From: MRAB on
Brian D wrote:
> Thanks MRAB as well. I've printed all of the replies to retain with my
> pile of essential documentation.
>
> To follow up with a complete response, I'm ripping out of my mechanize
> module the essential components of the solution I got to work.
>
> The main body of the code passes a URL to the scrape_records function.
> The function attempts to open the URL five times.
>
> If the URL is opened, a values dictionary is populated and returned to
> the calling statement. If the URL cannot be opened, a fatal error is
> printed and the module terminates. There's a little sleep call in the
> function to leave time for any errant connection problem to resolve
> itself.
>
> Thanks to all for your replies. I hope this helps someone else:
>
> import urllib2, time
> from mechanize import Browser
>
> def scrape_records(url):
> maxattempts = 5
> br = Browser()
> user_agent = 'Mozilla/5.0 (Windows; U; Windows NT 5.1; en-US; rv:
> 1.9.0.16) Gecko/2009120208 Firefox/3.0.16 (.NET CLR 3.5.30729)'
> br.addheaders = [('User-agent', user_agent)]
> for count in xrange(maxattempts):
> try:
> print url, count
> br.open(url)
> break
> except urllib2.URLError:
> print 'URL error', count
> # Pretend a failed connection was fixed
> if count == 2:
> url = 'http://www.google.com'
> time.sleep(1)
> pass

'pass' isn't necessary.

> else:
> print 'Fatal URL error. Process terminated.'
> return None
> # Scrape page and populate valuesDict
> valuesDict = {}
> return valuesDict
>
> url = 'http://badurl'
> valuesDict = scrape_records(url)
> if valuesDict == None:

When checking whether or not something is a singleton, such as None, use
"is" or "is not" instead of "==" or "!=".

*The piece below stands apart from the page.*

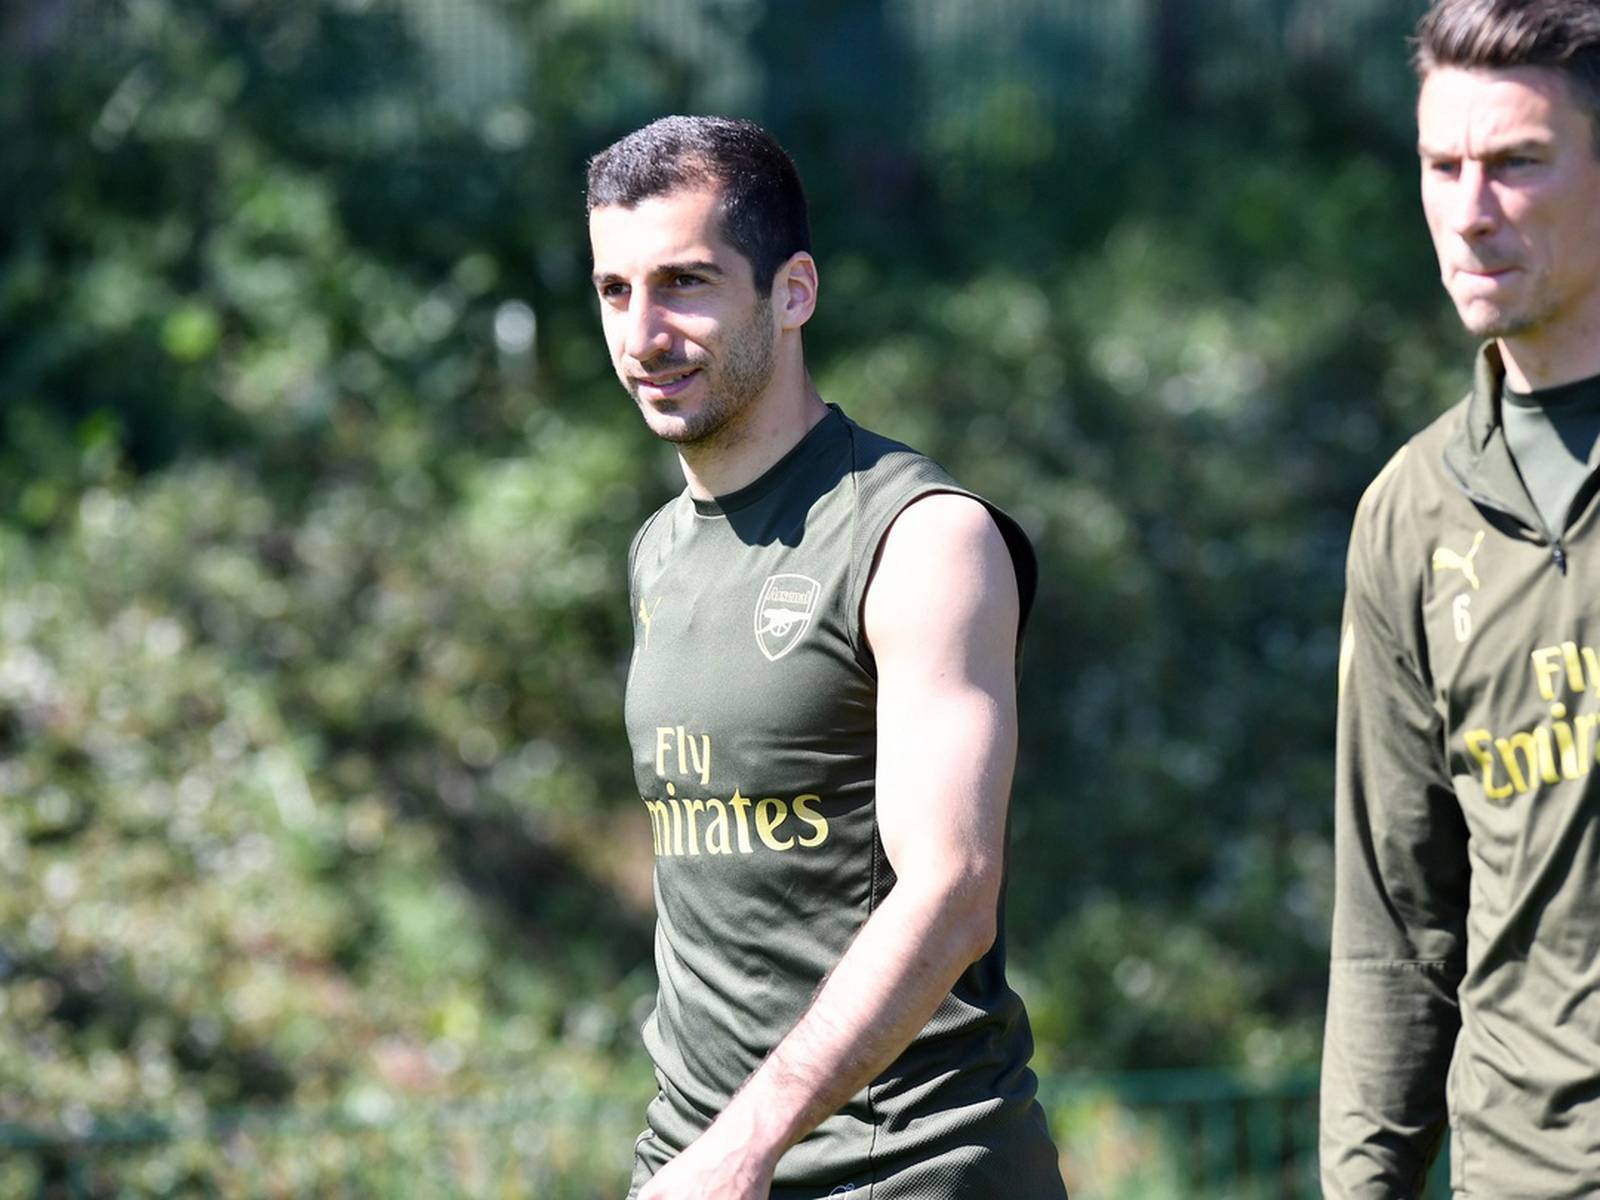 Arsenal dealt further injury blow after Henrikh Mkhitaryan is ruled out for  six weeks with fractured foot

> print 'Failed to retrieve valuesDict'

From: Brian D on
On Dec 30, 7:08 pm, MRAB <pyt...(a)mrabarnett.plus.com> wrote:
> Brian D wrote:
> > Thanks MRAB as well. I've printed all of the replies to retain with my
> > pile of essential documentation.
>
> > To follow up with a complete response, I'm ripping out of my mechanize
> > module the essential components of the solution I got to work.
>
> > The main body of the code passes a URL to the scrape_records function.
> > The function attempts to open the URL five times.
>
> > If the URL is opened, a values dictionary is populated and returned to
> > the calling statement. If the URL cannot be opened, a fatal error is
> > printed and the module terminates. There's a little sleep call in the
> > function to leave time for any errant connection problem to resolve
> > itself.
>
> > Thanks to all for your replies. I hope this helps someone else:
>
> > import urllib2, time
> > from mechanize import Browser
>
> > def scrape_records(url):
> >     maxattempts = 5
> >     br = Browser()
> >     user_agent = 'Mozilla/5.0 (Windows; U; Windows NT 5.1; en-US; rv:
> > 1.9.0.16) Gecko/2009120208 Firefox/3.0.16 (.NET CLR 3.5.30729)'
> >     br.addheaders = [('User-agent', user_agent)]
> >     for count in xrange(maxattempts):
> >         try:
> >             print url, count
> >             br.open(url)
> >             break
> >         except urllib2.URLError:
> >             print 'URL error', count
> >             # Pretend a failed connection was fixed
> >             if count == 2:
> >                 url = 'http://www.google.com'
> >             time.sleep(1)
> >             pass
>
> 'pass' isn't necessary.
>
> >     else:
> >         print 'Fatal URL error. Process terminated.'
> >         return None
> >     # Scrape page and populate valuesDict
> >     valuesDict = {}
> >     return valuesDict
>
> > url = 'http://badurl'
> > valuesDict = scrape_records(url)
> > if valuesDict == None:
>
> When checking whether or not something is a singleton, such as None, use
> "is" or "is not" instead of "==" or "!=".
>
> >     print 'Failed to retrieve valuesDict'
>
>

I'm definitely acquiring some well-deserved schooling -- and it's
really appreciated. I'd seen the "is/is not" preference before, but it
just didn't stick.

I see now that "pass" is redundant -- thanks for catching that.

Cheers.
From: Steve Holden on
Brian D wrote:
[...]
> I'm definitely acquiring some well-deserved schooling -- and it's
> really appreciated. I'd seen the "is/is not" preference before, but it
> just didn't stick.
>
Yes, a lot of people have acquired the majority of their Python
education from this list - I have certainly learned a thing or two from
it over the years, and had some very interesting discussions.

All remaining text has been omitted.